PROBLEM >>
If anything in the data looks odd, keep it anyway and write the whole listing out unchanged.

AVAILABLE DATA >>
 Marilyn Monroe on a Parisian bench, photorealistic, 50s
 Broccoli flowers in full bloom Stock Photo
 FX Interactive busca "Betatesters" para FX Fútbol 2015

RESPONSE TO THIS TASK >>
 Marilyn Monroe on a Parisian bench, photorealistic, 50s
 Broccoli flowers in full bloom Stock Photo
 FX Interactive busca "Betatesters" para FX Fútbol 2015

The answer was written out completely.